Raw data:
--

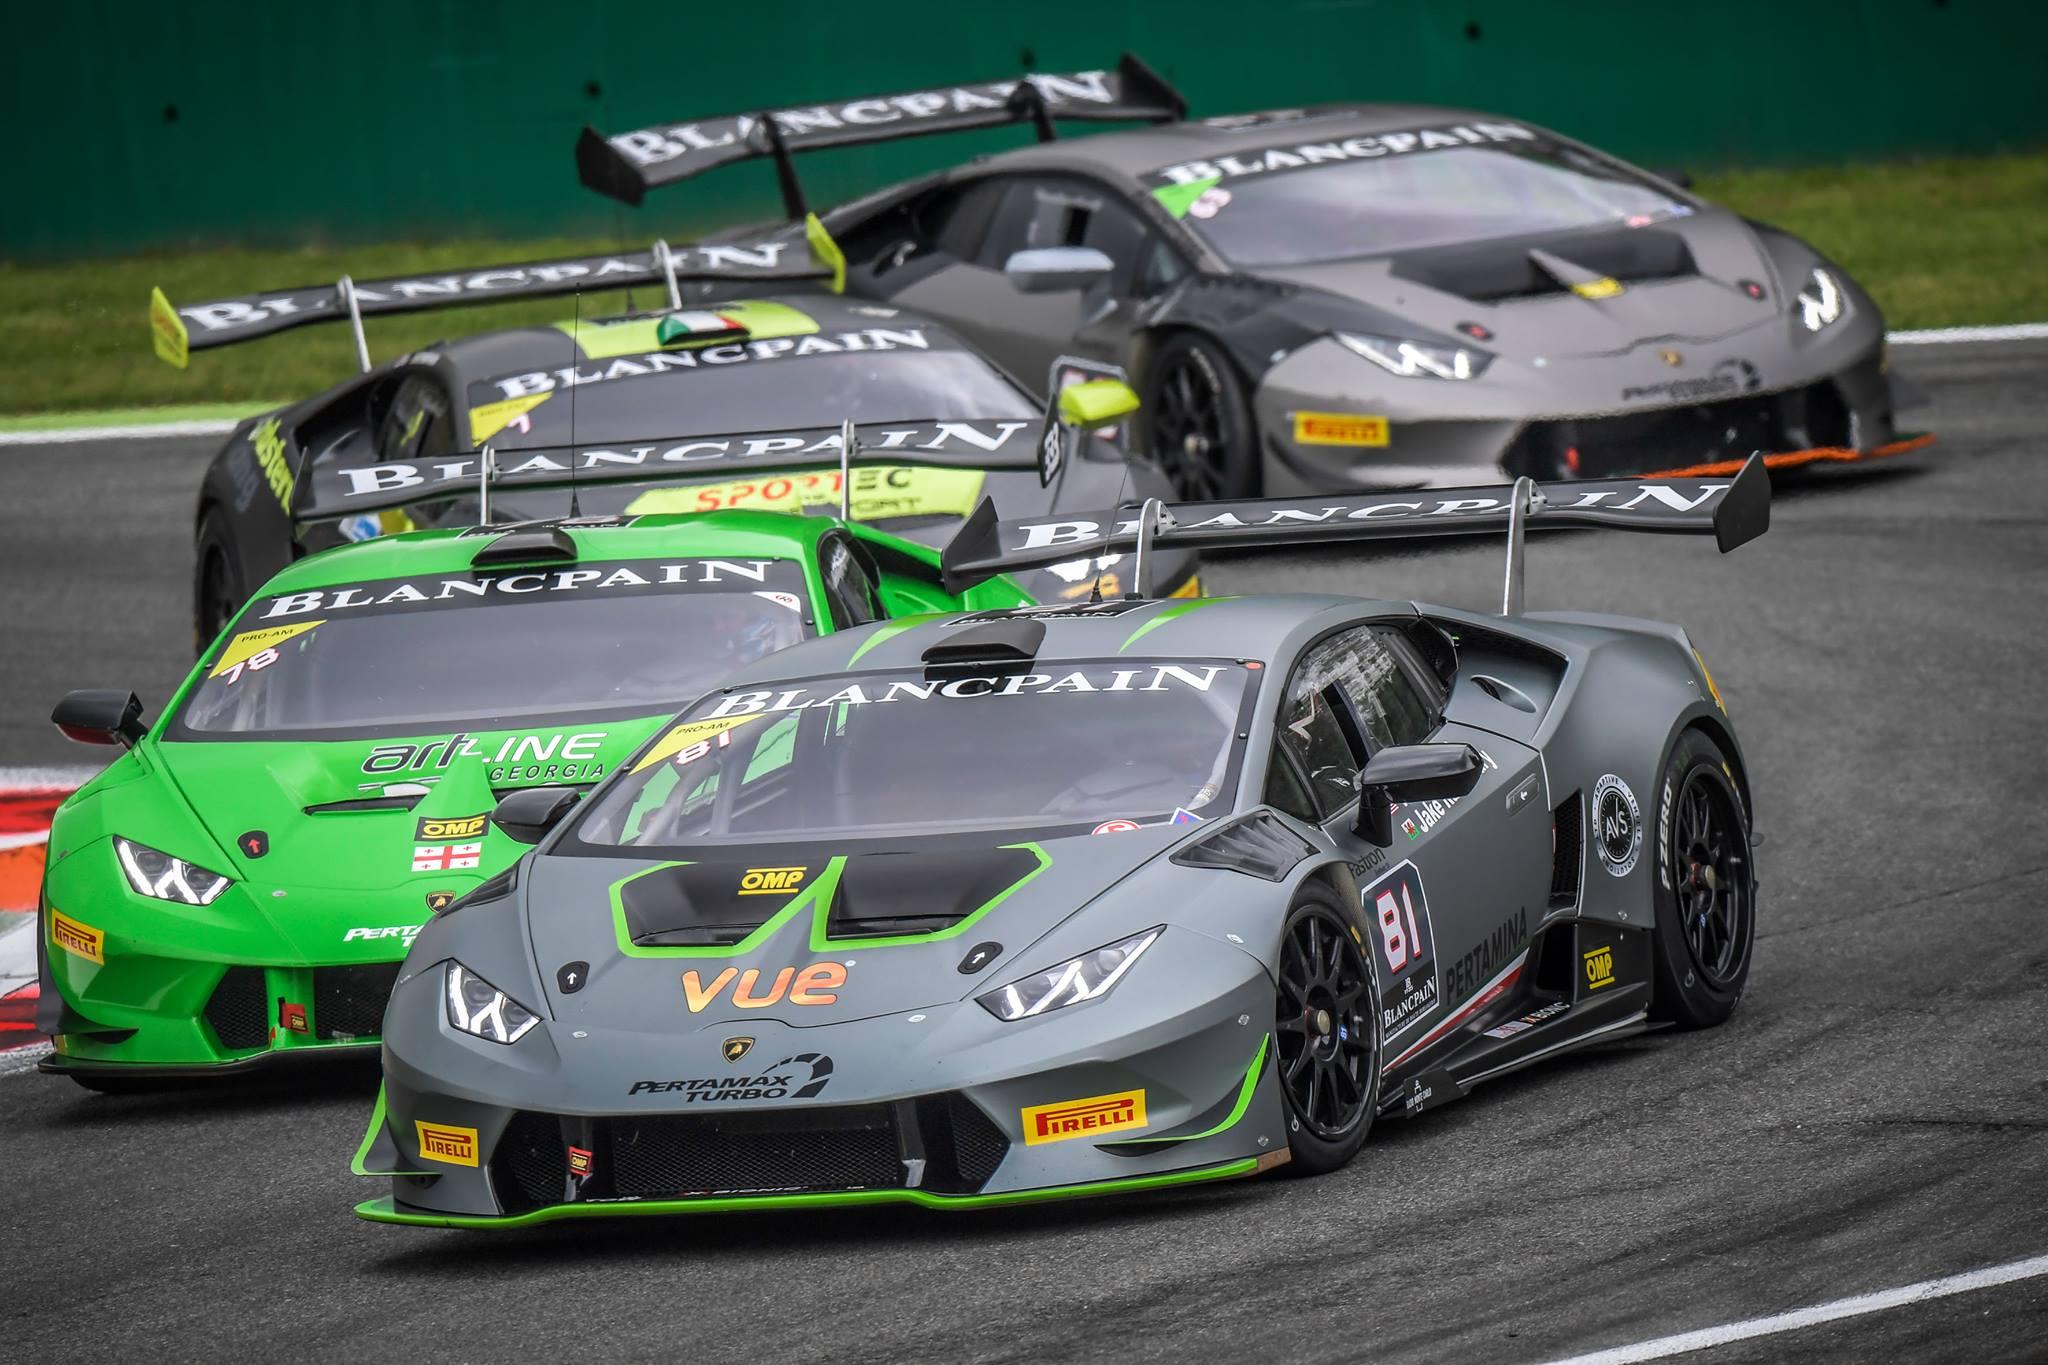 Lamborghini Blancpain Super Trofeo Monza 2016 Highlights
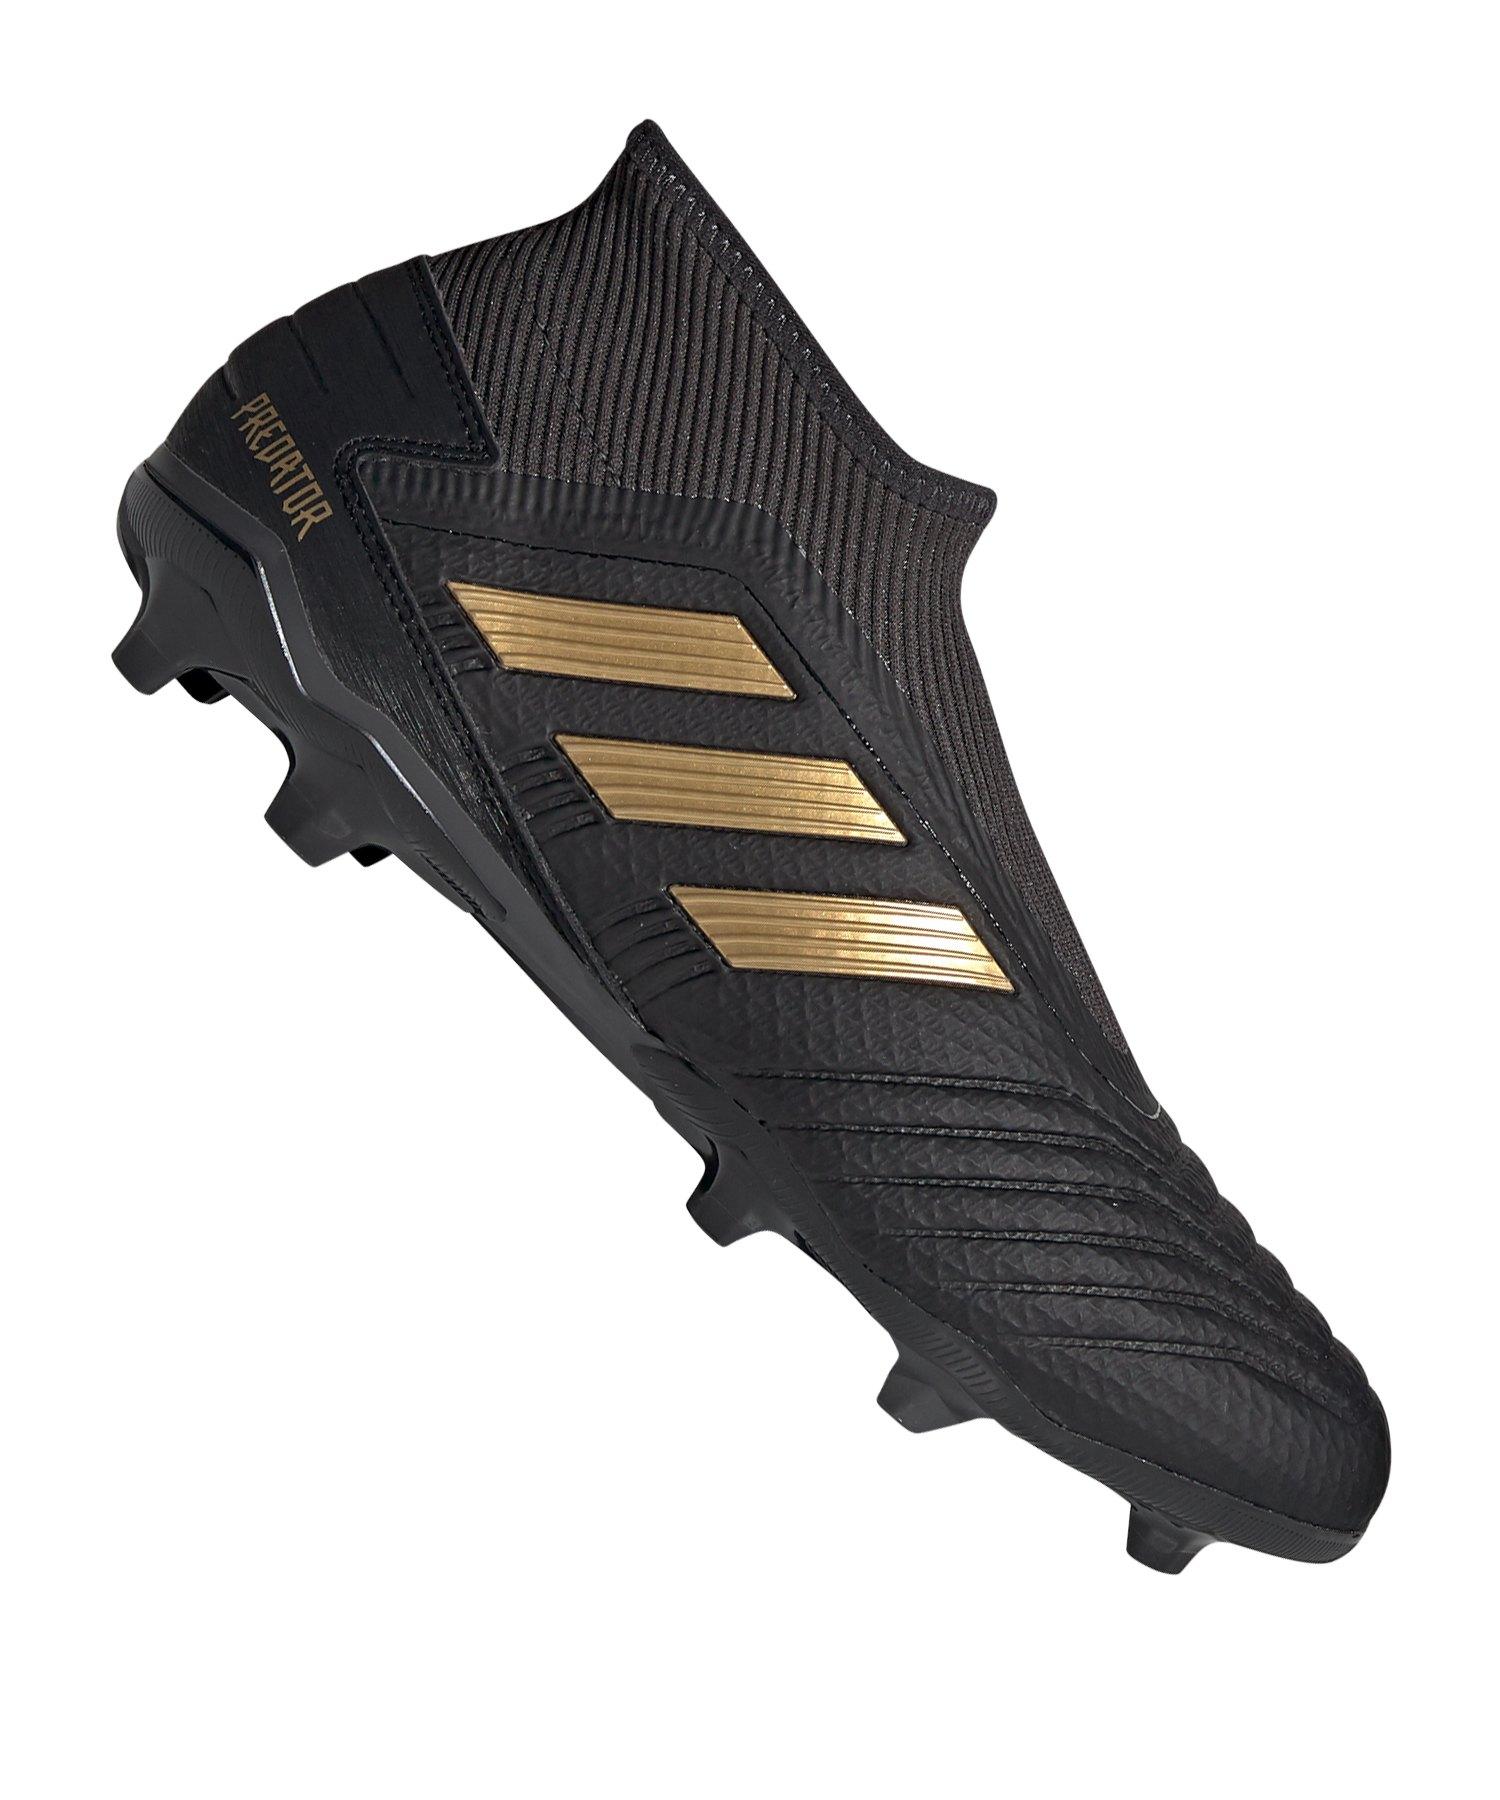 adidas Predator 19.3 LL FG Schwarz Gold - Schwarz
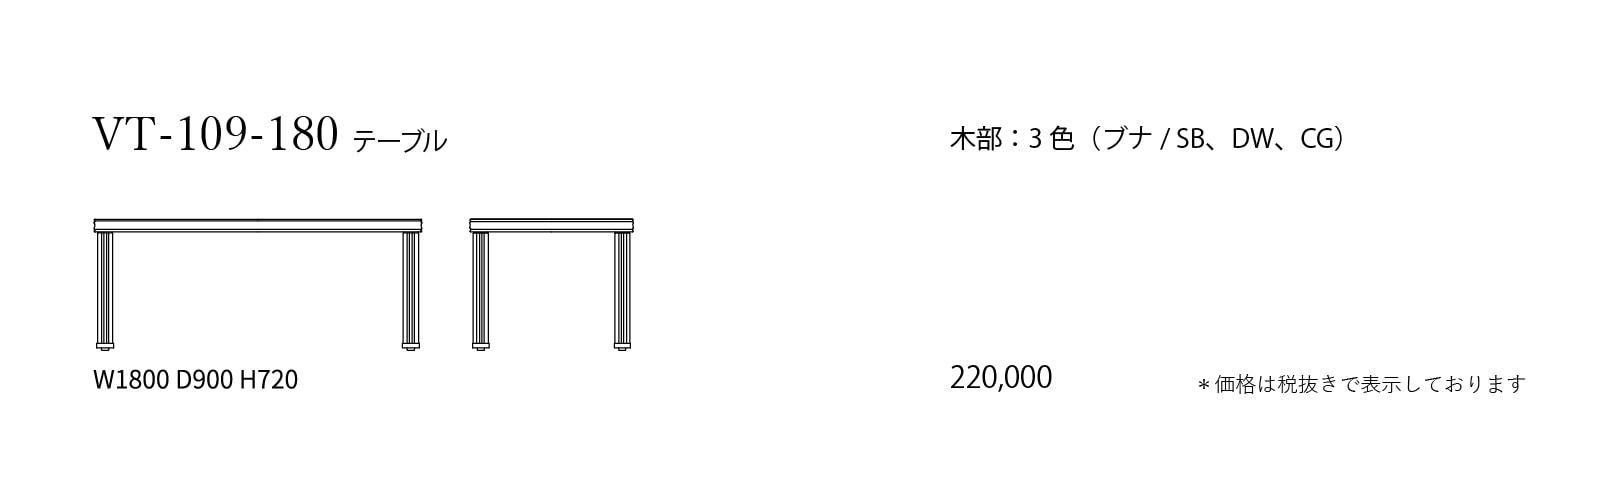 VT-109 Price List

--

The problem:
Everything in the data above gets copied exactly. Only the pictures are skipped.

Expected output:
 Lamborghini Blancpain Super Trofeo Monza 2016 Highlights
 adidas Predator 19.3 LL FG Schwarz Gold - Schwarz
 VT-109 Price List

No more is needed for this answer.